Section 28 elaborates grounds which if not followed would make the arrest unlawful. 6
Article 9 of UDHR also warrants against any such arrest which is done arbitrarily7 and
without lawful reason or without following the due process of law.
Application
In this case the police officer followed the stop and search based on the information
that he received a day before of theft being committed in a shop. The action of Police officer
can be described as trying to take control of the situation before the parade so he inquired
from the two persons first but when they did not cooperate he immediately arrested the two
people to avoid any commotion that may rise in the parade.
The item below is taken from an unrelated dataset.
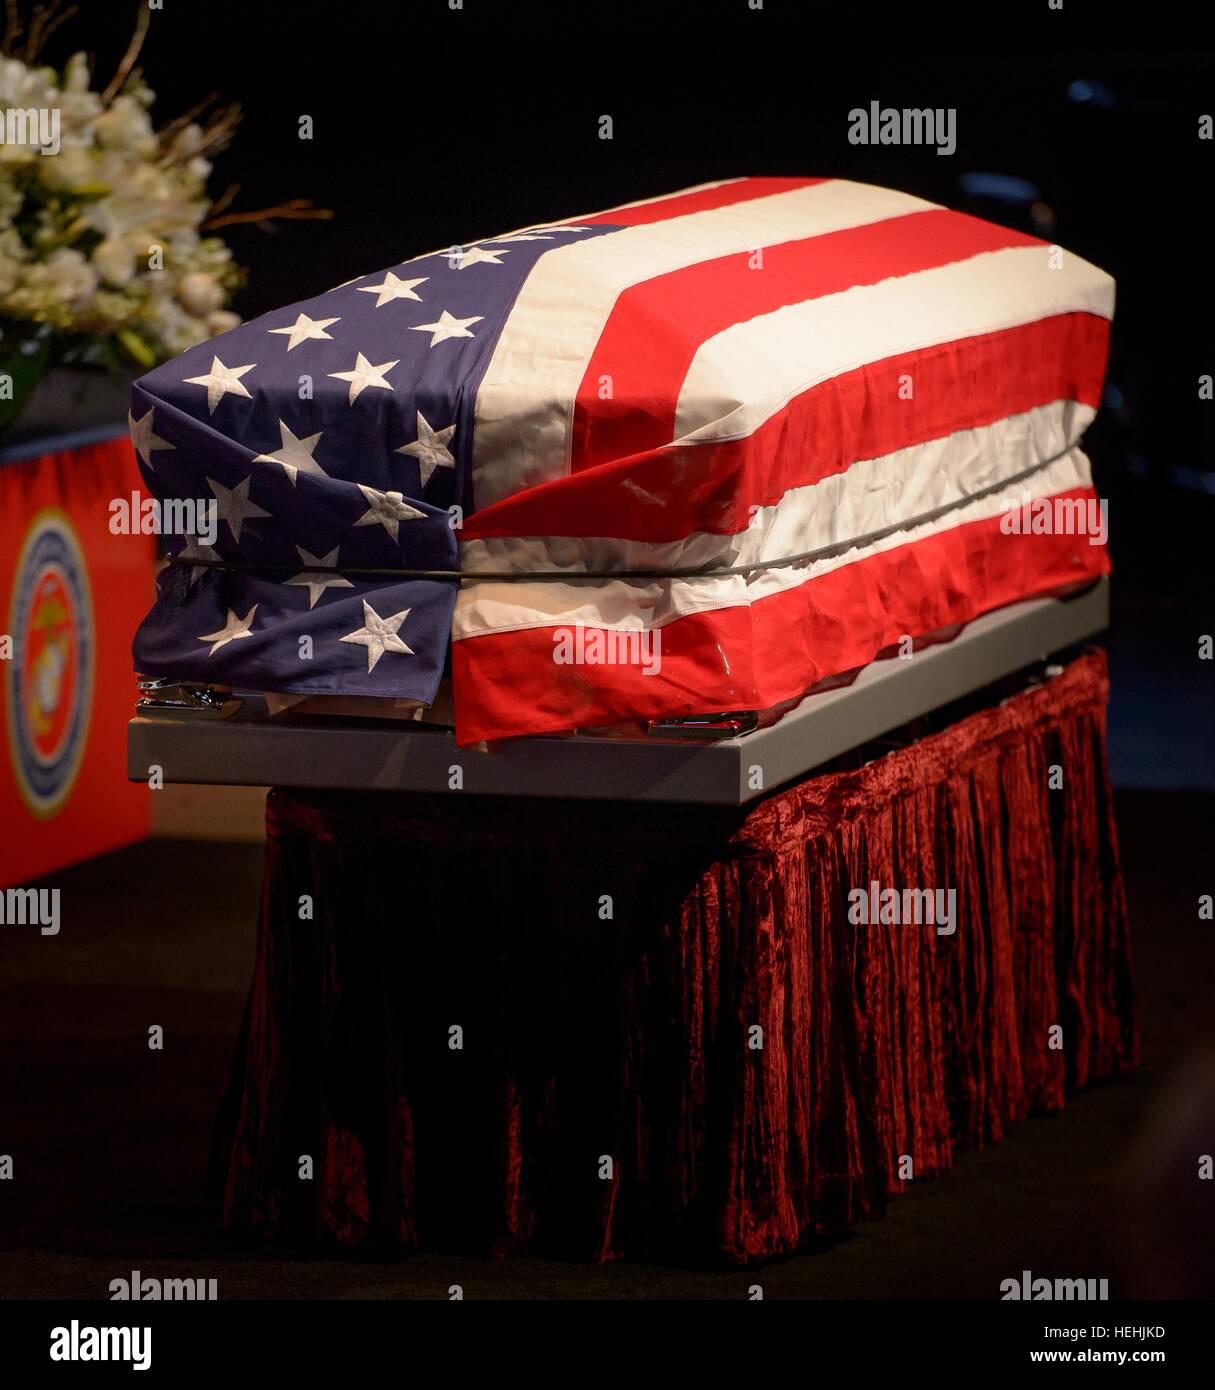 The American flag is draped over the casket of former NASA astronaut and U.S. Senator John Glenn during a memorial service celebrating his life at the Ohio State University Mershon Auditorium December 17, 2016 in Columbus, Ohio. Stock Photo

Here the police officer suspected that the two people were the same robbers and that
they have the stolen articles. This can be described with an example of a man running with a
woman’s handbag, in such a case it speaks by itself that the bag may be stolen. So if a officer
arrest based on the instincts and situation he may not need to investigate the matter first but
may perform the investigation once he arrests. The detained person may be let go once the
search reveals no such item.
Conclusion
Thus if we say that the police officer in this case also arrested the two people based on
his instincts and made an immediate arrest and till this moment the police officer had handled
the situation pretty well but after arresting he made no further investigation nor did he inform
5 The Police and Criminal Evidence Act 1984.
6 ibid
7 The Universal Declaration of Human Rights, 1948 Art.09.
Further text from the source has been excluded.